Storie dell’altro mondoFame e rivoluzioni

Sappiamo ormai che c’è una relazione tra quanto accaduto nelle pianure del Midwest americano, nelle distese di campi bruciati dalla peggiore siccità degli ultimi anni, e i prezzi dei cereali saliti...

Sappiamo ormai che c’è una relazione tra quanto accaduto nelle pianure del Midwest americano, nelle distese di campi bruciati dalla peggiore siccità degli ultimi anni, e i prezzi dei cereali saliti alle stelle, che spingono alla fame intere popolazioni. Meno conosciuto è il legame, purtroppo ormai dimostrato, tra l’aumento dei prezzi del cibo e le rivoluzioni, che spesso finiscono in una spirale di violenza ingovernabile, con gravi ripercussioni sugli equilibri geopolitici.

Lo abbiamo visto lo scorso anno con le sommosse in Tunisia che hanno dato il via alla Primavera araba. E ne abbiamo avuto prova con la crisi alimentare del 2008, quando teatro delle violenze sono stati numerosi paesi africani.
Una rivoluzione certo ha molteplici cause: ingiustizia sociale, assenza di diritti politici, disoccupazione e povertà, ma il fattore scatenante – e in questi giorni uno studio lo dimostra – è l’impennata dei prezzi che rende la vita insostenibile per le fasce più deboli della popolazione.

Se pensiamo che per ogni punto percentuale di aumento del prezzo del cibo 16 milioni di persone precipitano nella povertà, non è difficile prevedere che il prossimo sarà un autunno piuttosto caldo in molte zone del mondo.
Oggi il prezzo del grano ha superato quello che scatenò le rivolte del 2008 in Nord Africa e basta davvero una piccola scintilla perché la rivoluzione esploda.

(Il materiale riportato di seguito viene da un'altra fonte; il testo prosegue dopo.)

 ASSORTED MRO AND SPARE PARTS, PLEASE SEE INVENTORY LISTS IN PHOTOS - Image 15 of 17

La buona notizia è che questa scintilla si può spegnere. Come fare? Occorre in primis fermare la produzione dei biocarburanti, che sottraggono terra e risorse all’alimentazione. E sono corresponsabili dell’aumento dei prezzi. Entro il 2020 la domanda di biocarburanti potrebbe far aumentare i prezzi di alcuni alimenti fino al 36%, con un impatto gravissimo sui consumatori di tutto il mondo ma soprattutto sui più poveri, che spendono fino al 75% del loro reddito per l’acquisto di cibo.
Il secondo rimedio consiste nel fermare le speculazioni sui beni alimentari, che contribuiscono all’incremento dei prezzi. Oltre l’80% delle esportazioni dei cereali più importanti provengono da cinque paesi e sono controllate da quattro multinazionali. Questo rende molto vulnerabili i mercati internazionali, e anche una minima variazione ha effetti disastrosi su quei paesi costretti a importare quasi tutto il grano di cui hanno bisogno, come lo Yemen.

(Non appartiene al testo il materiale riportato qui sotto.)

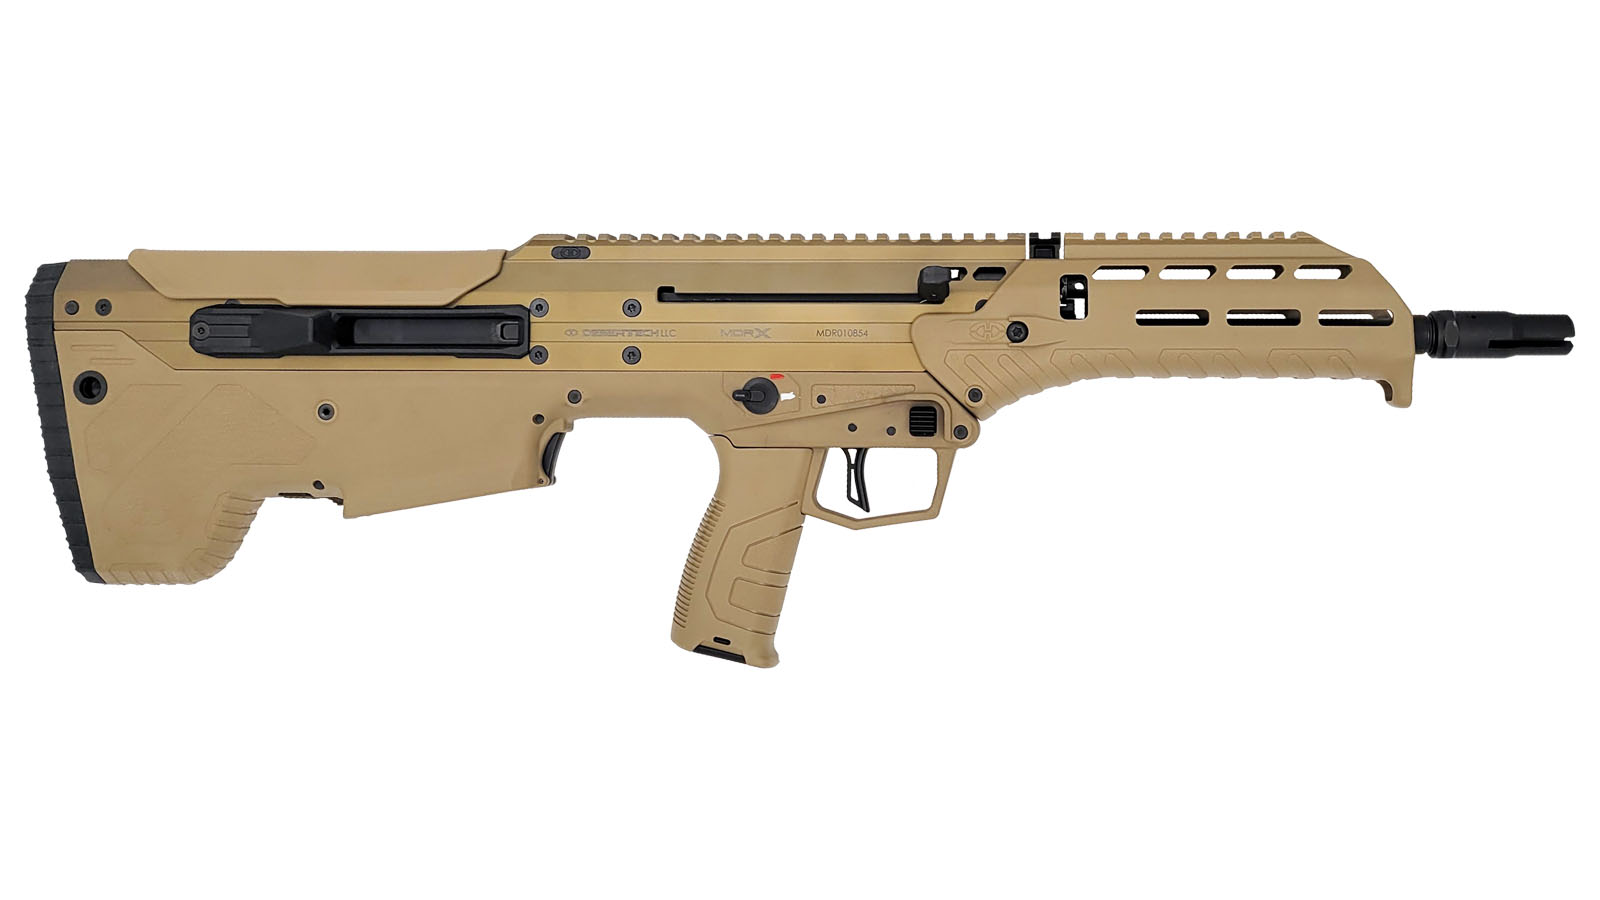 MDRx Rifle, 556NATO 223Rem 16" 30rd Side-Ejection FDE

Il Comitato sulla sicurezza alimentare mondiale, riunitosi in questi giorni a Roma, ha l’arduo compito di fronteggiare un aumento anormale dei prezzi degli alimenti di base e stimolare la risposta di governi e istituzioni al problema della fame. Un “problema” che mette a repentaglio la vita di 870 milioni di persone, più della popolazione degli Stati Uniti, del Canada e dell’Europa messi insieme. I progressi fatti fin’ora si sono fermati, e gli effetti del cambiamento climatico, se non saranno presi urgentemente provvedimenti, peggioreranno la situazione di tanti paesi. La siccità e le alluvioni nell’Africa del sud potrebbero far aumentare il prezzo di vendita di mais e di altri cereali grezzi fino al 120%.